The historical pattern: Corporate accountability delayed but inevitable

Every industry examined – tobacco, asbestos, pharmaceuticals – eventually faced massive legal liability and regulatory intervention. Tobacco companies paid $206 billion in the Master Settlement Agreement. Johns Manville filed bankruptcy and established a $2.5 billion trust fund for victims. Merck faced thousands of lawsuits over Vioxx deaths.

The outcome is clear: companies that prioritize profits over safety while making false claims and attacking critics eventually face accountability – but only after causing preventable deaths and injuries that transparent, conservative safety approaches could have prevented.

Conclusion: Tesla has been callously ignoring over 100 years of basic lessons

Tesla’s Autopilot deployment represents a systematic violation of safety principles established over more than a century of engineering practice, philosophical development, and regulatory evolution. The company ignored:

  • Engineering ethics codes established 1912-1914 requiring public safety primacy
  • Legal duty of care framework established 1916 requiring manufacturer responsibility
  • Philosophical principles of informed consent rooted in Kantian ethics
  • Precautionary principle established internationally 1992 requiring caution despite uncertainty
  • Proven safety methodologies from aviation, nuclear, and pharmaceutical industries

Rather than learning from historical corporate disasters, Tesla followed the same playbook that led to massive preventable harm in tobacco, asbestos, and pharmaceutical industries. Court testimony documented the false safety claims (Vehicle Safety Report with “no math and no science”), evidence concealment (systematic data degradation where “effort had been placed in making it hard to read and hard to use”), and moral positioning (claiming critics “kill people”) that mirror patterns consistently resulting in corporate accountability.
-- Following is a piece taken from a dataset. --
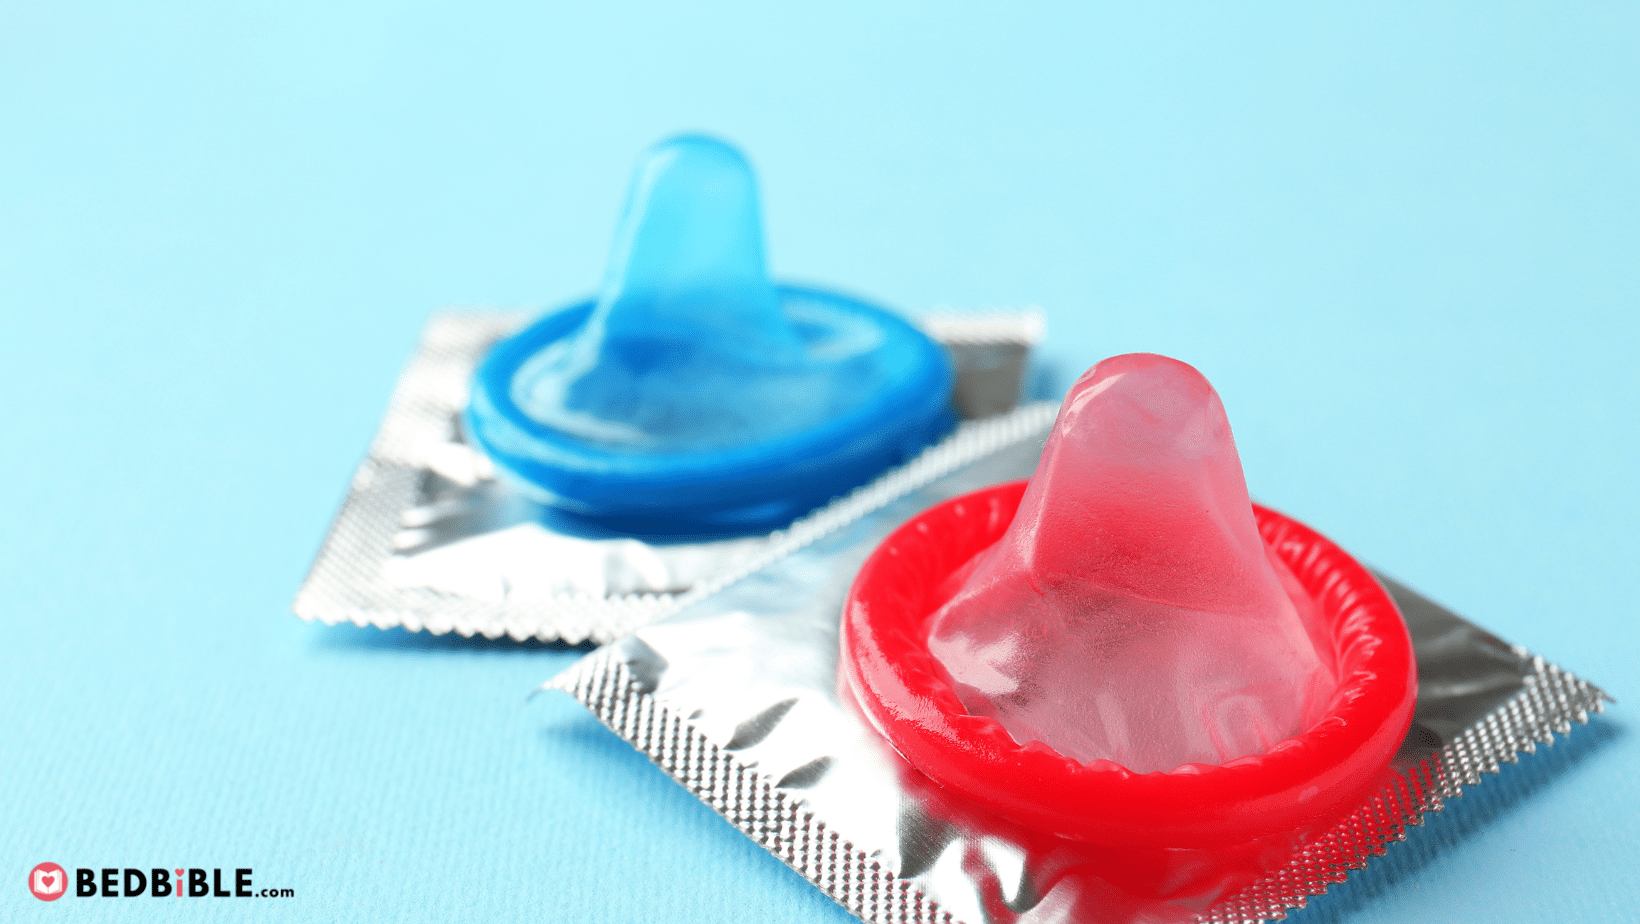 Condom Market Size [Facts, Figures & Numbers]

Tesla had access to over a century of established safety principles and historical lessons about the consequences of violating them. The company’s choice to ignore this framework represents not innovation, but systematic rejection of hard-won knowledge. Court testimony reveals Tesla knew their system would “detect imminent crashes for seconds but was programmed to simply ‘abort’ rather than brake” and that drivers “ignored steering wheel warnings ‘6, 10, plus times an hour,'” yet they continued aggressive deployment and marketing claims about superior safety.

The historical record suggests that the Tesla management approach, like the awful predecessors, ultimately has to result in regulatory intervention and legal accountability. And this can not come soon enough to protect the market from fraud, given how Tesla is causing preventable harm that established safety principles were specifically designed to prevent.

Nearly half of the participants in the latest Electric Vehicle Intelligence Report said they did not trust Tesla, while more than a third who said they had a negative perception. The company also had the lowest perceived safety rating of any major EV manufacturer, following several high-profile accidents.